**Your objective:** Return all the lines below exactly as written. Drop every picture.

**Collected material:**
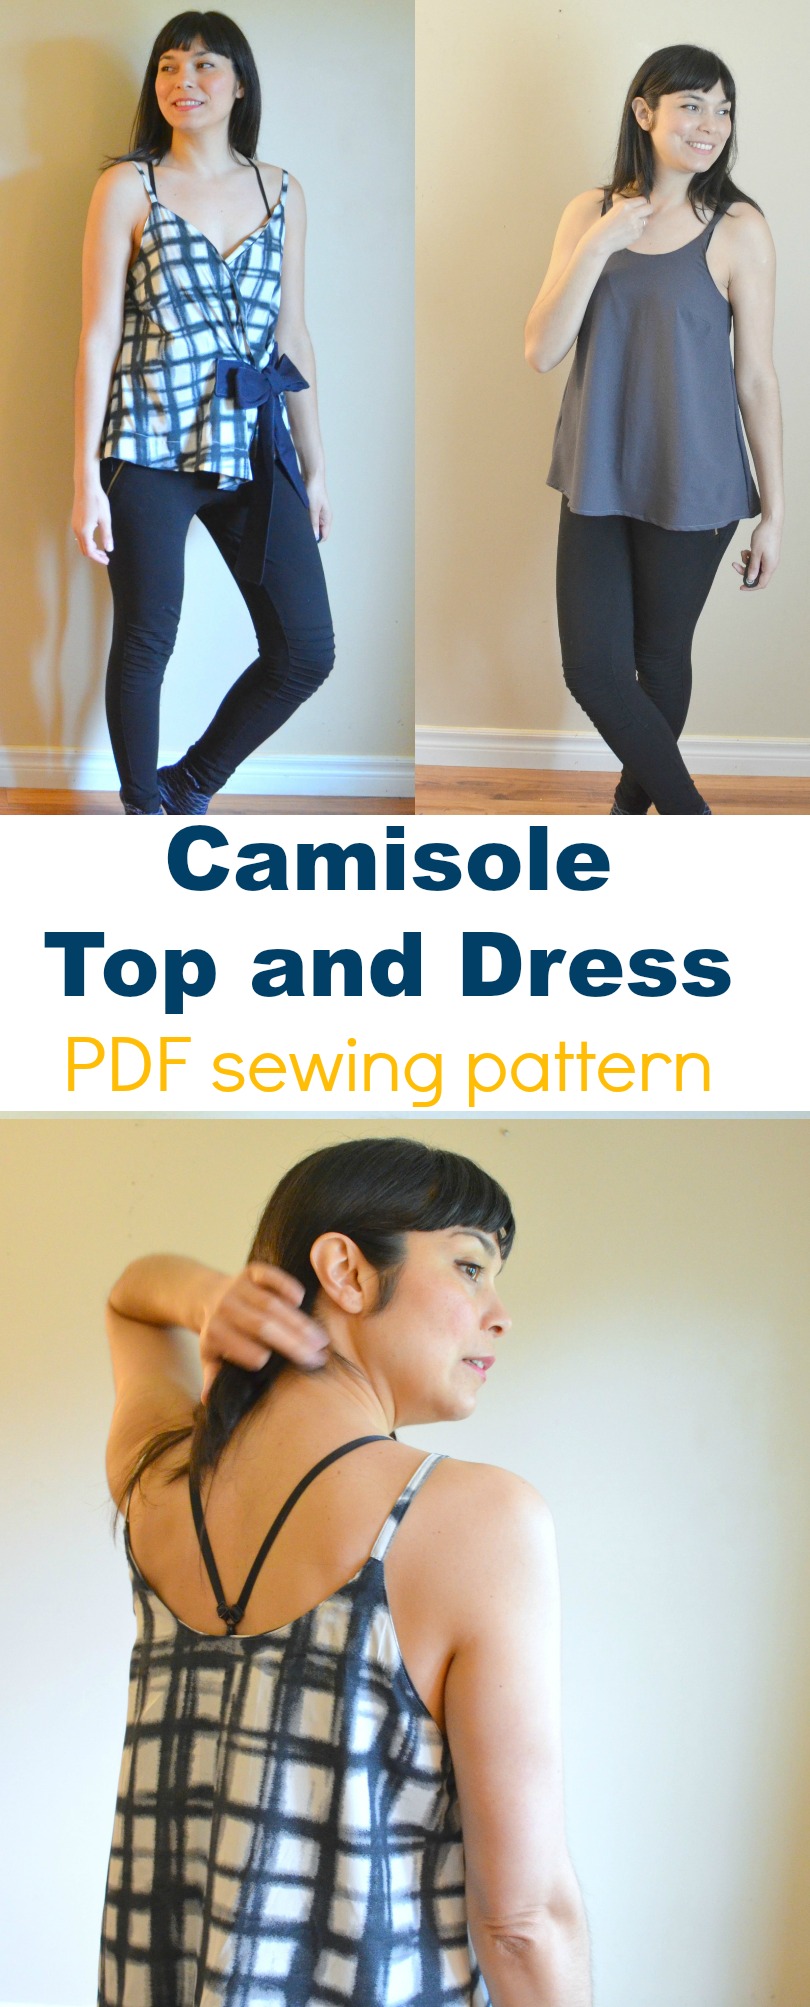 Introducing the Camisole Top and Dress PDF sewing pattern
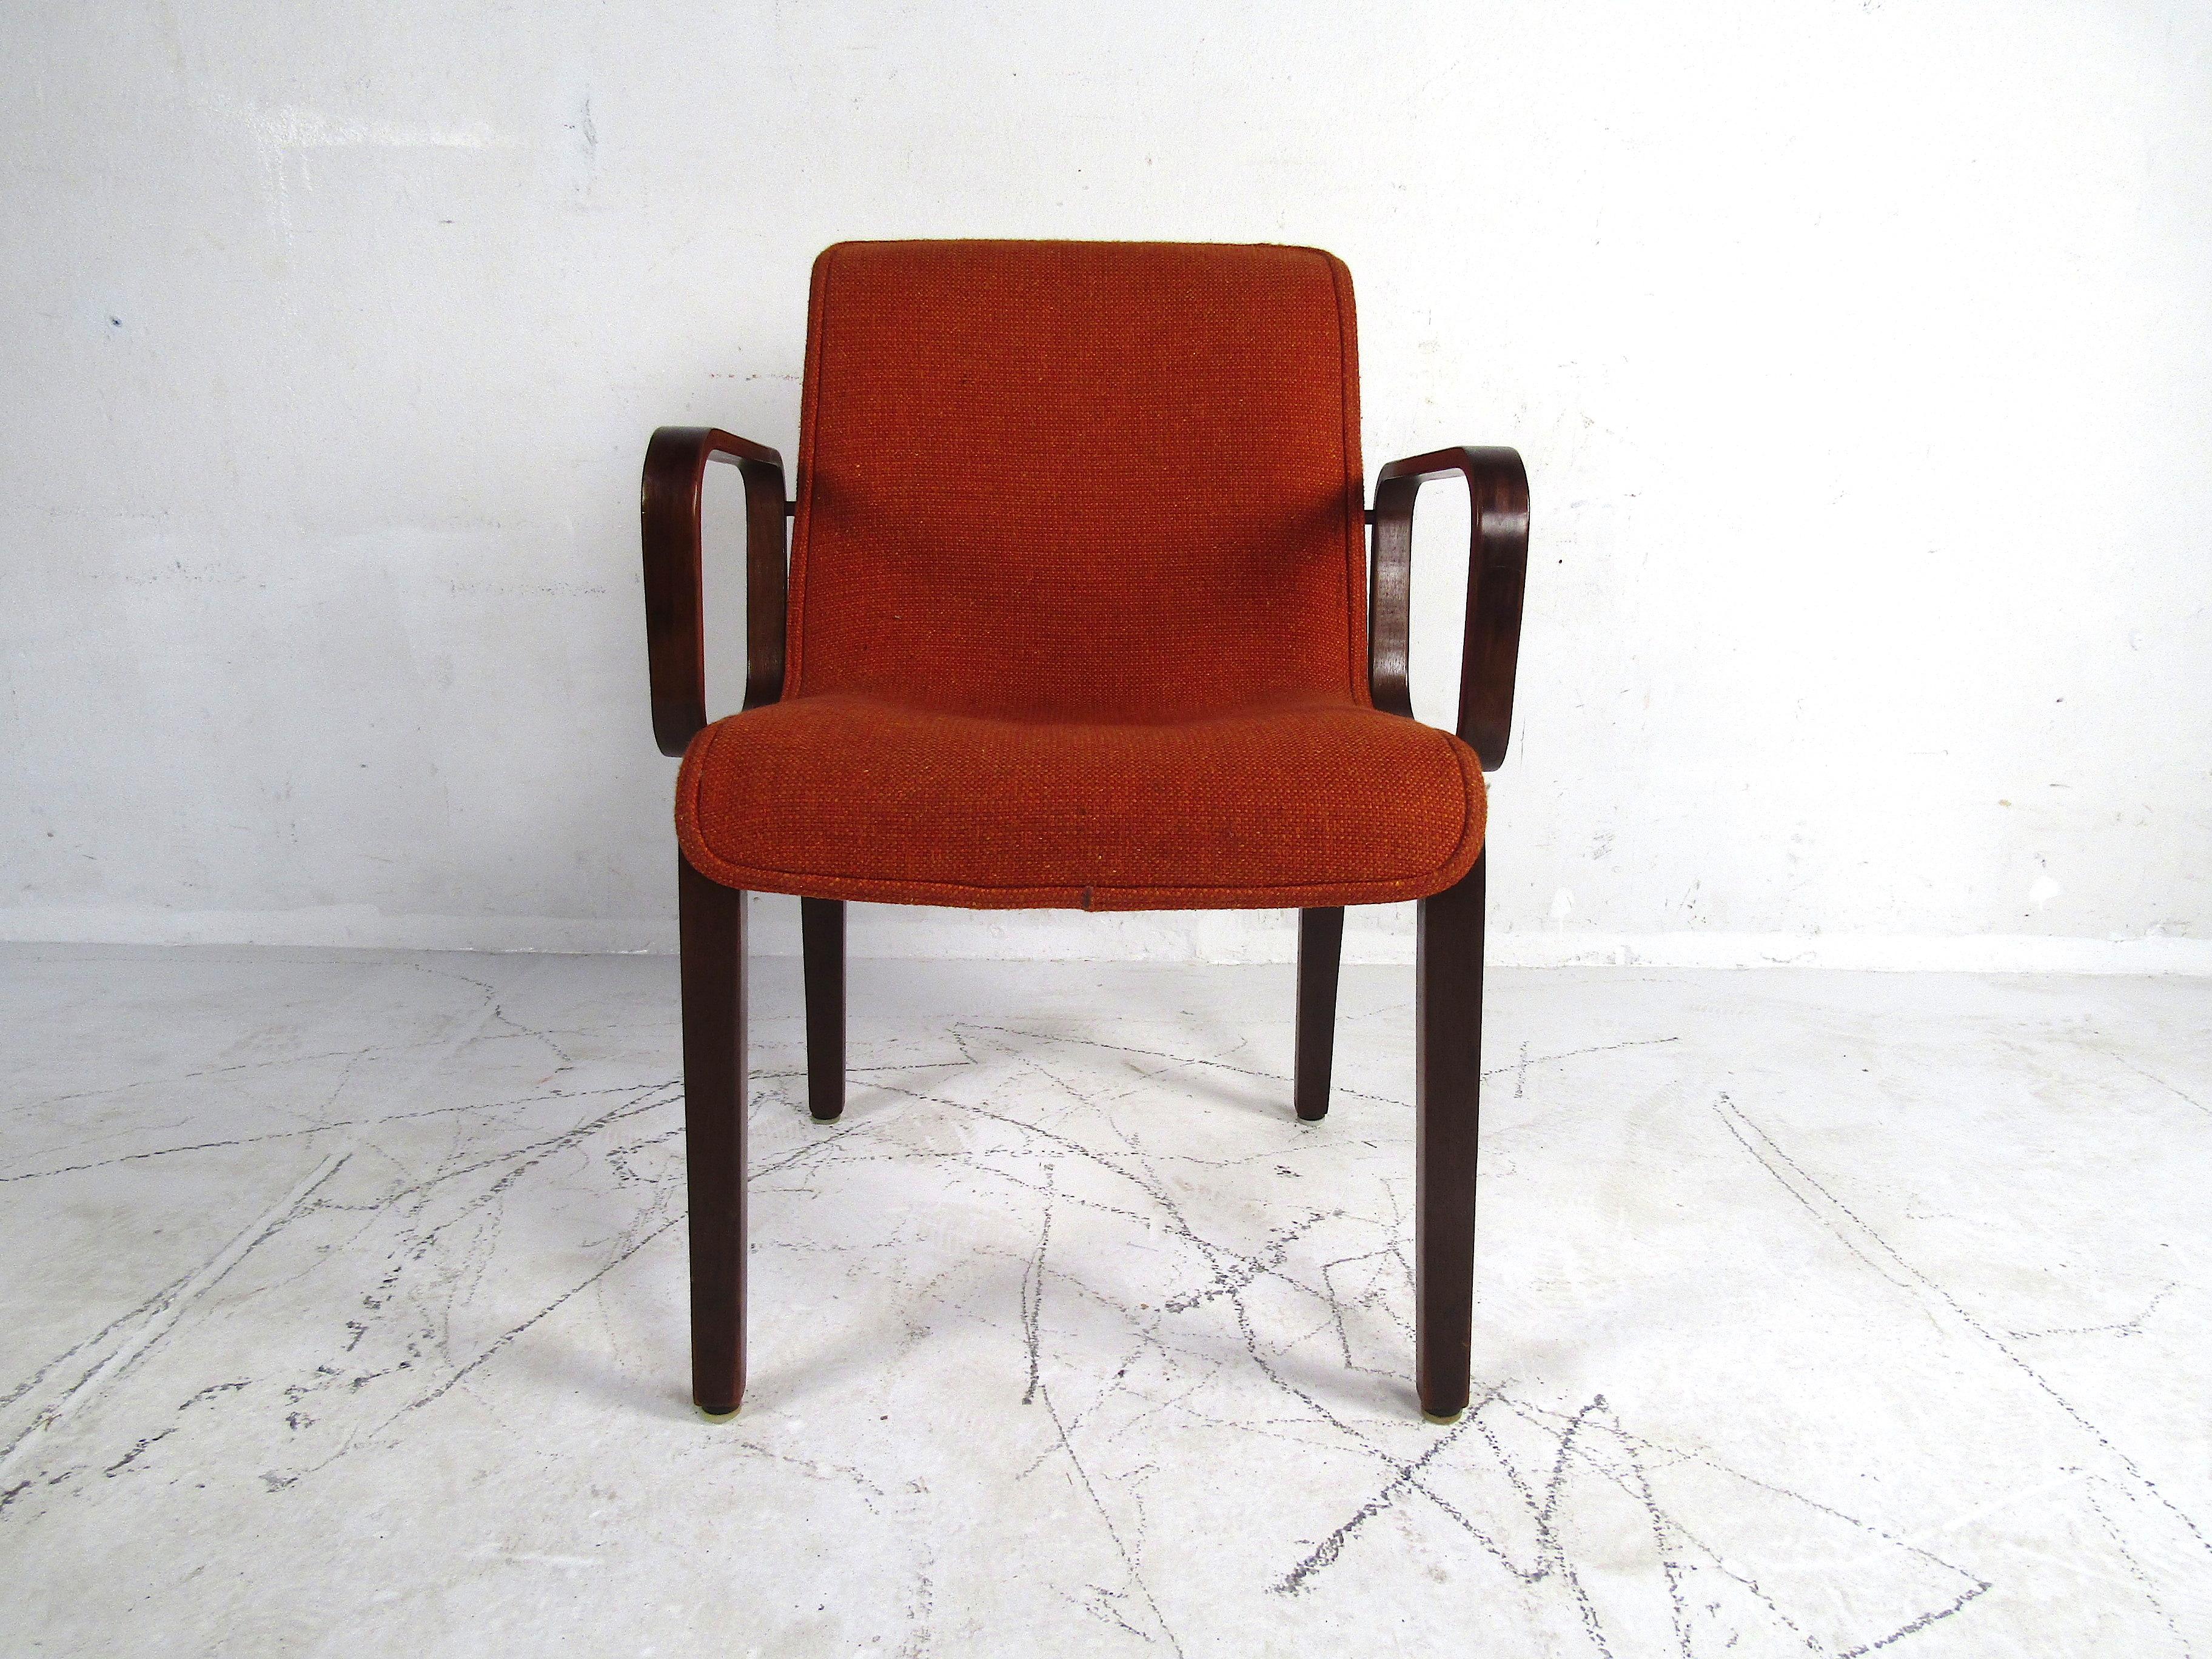 A stylish set of 4 midcentury upholstered dining chairs. Bentwood frames with interestingly contoured armrests on each chair. Seats and backs are covered in a vintage orange upholstery. This set is sure to provide a great seating solution to any
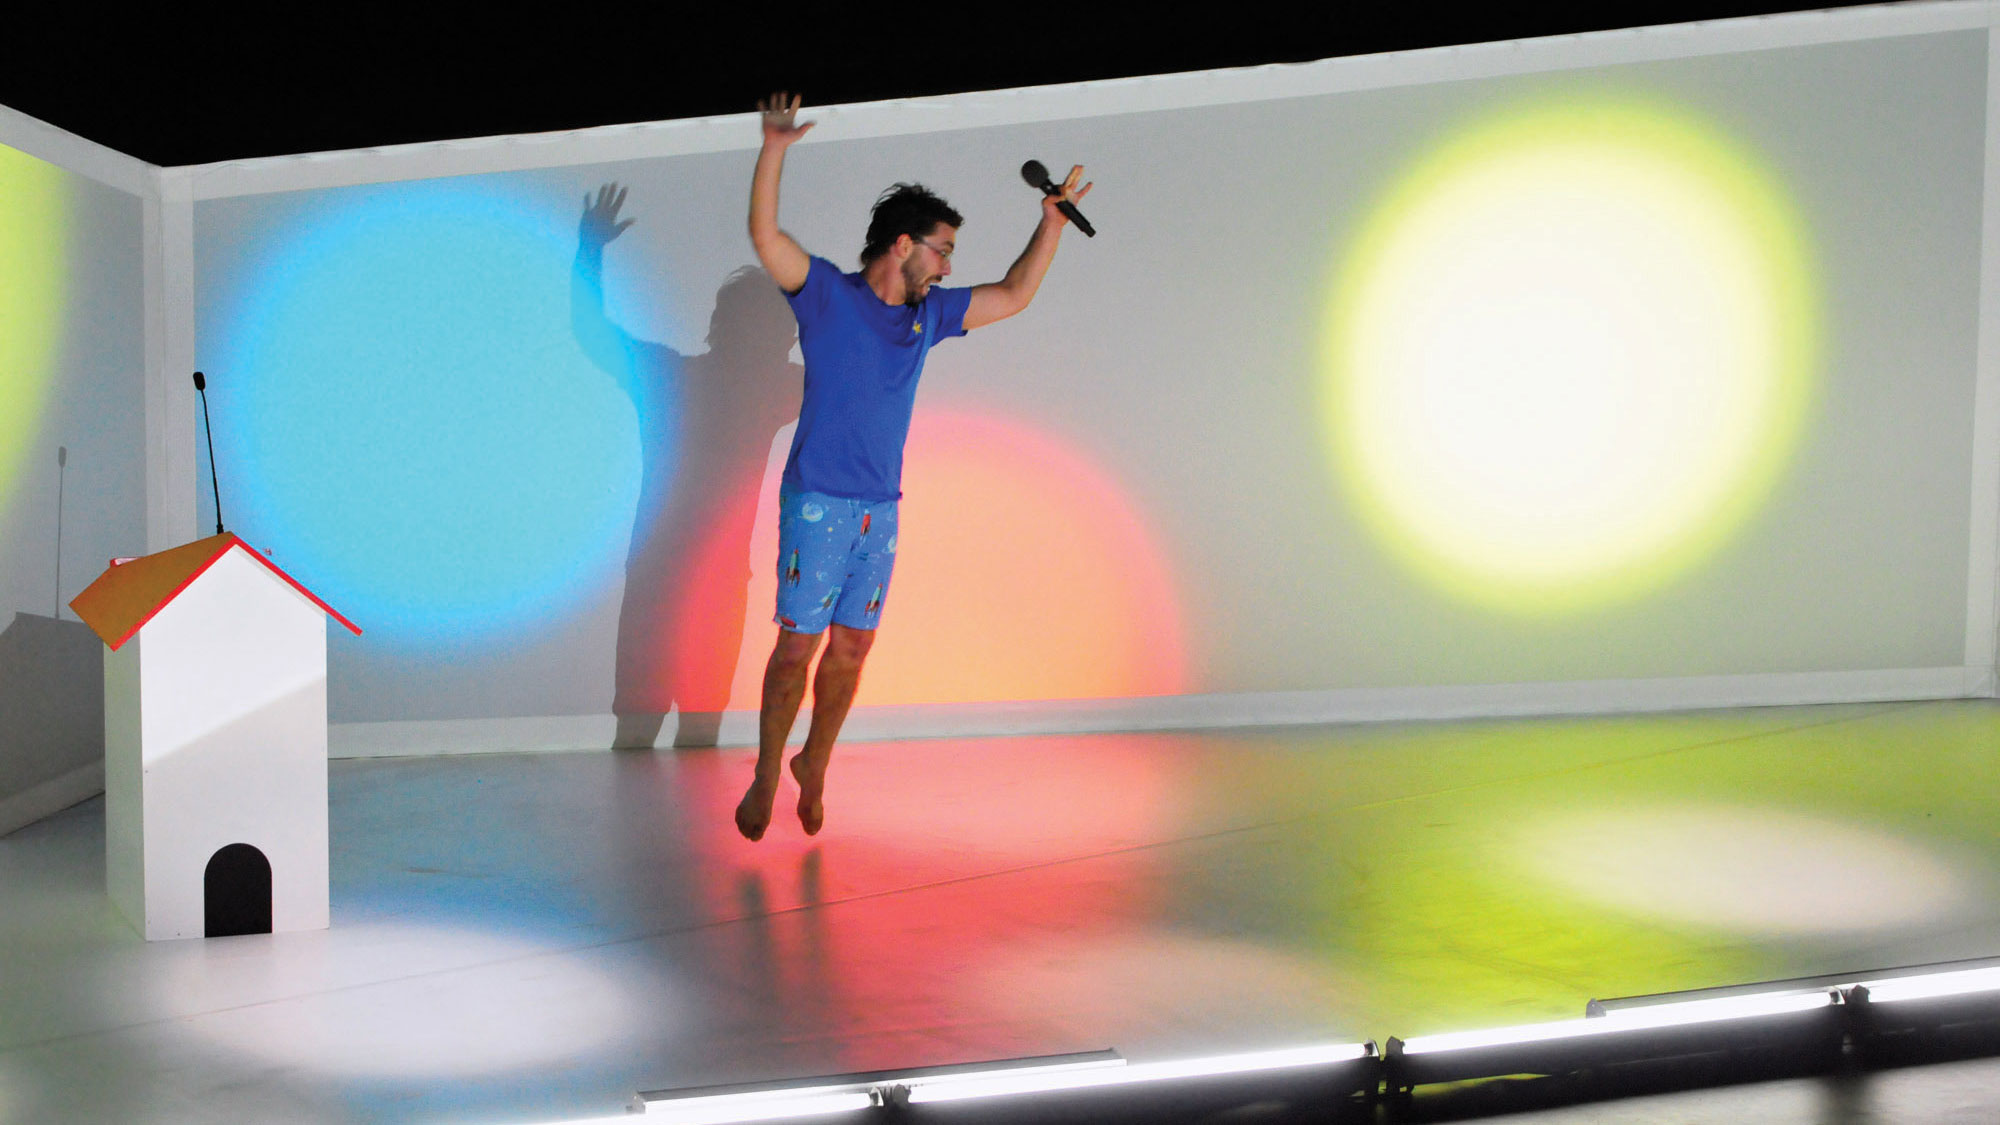 A man wearing a blue t-shirt and shorts jumping with arms up in a white room lit with primary colored lights.

**Exercise result:**
 Introducing the Camisole Top and Dress PDF sewing pattern
 A stylish set of 4 midcentury upholstered dining chairs. Bentwood frames with interestingly contoured armrests on each chair. Seats and backs are covered in a vintage orange upholstery. This set is sure to provide a great seating solution to any
 A man wearing a blue t-shirt and shorts jumping with arms up in a white room lit with primary colored lights.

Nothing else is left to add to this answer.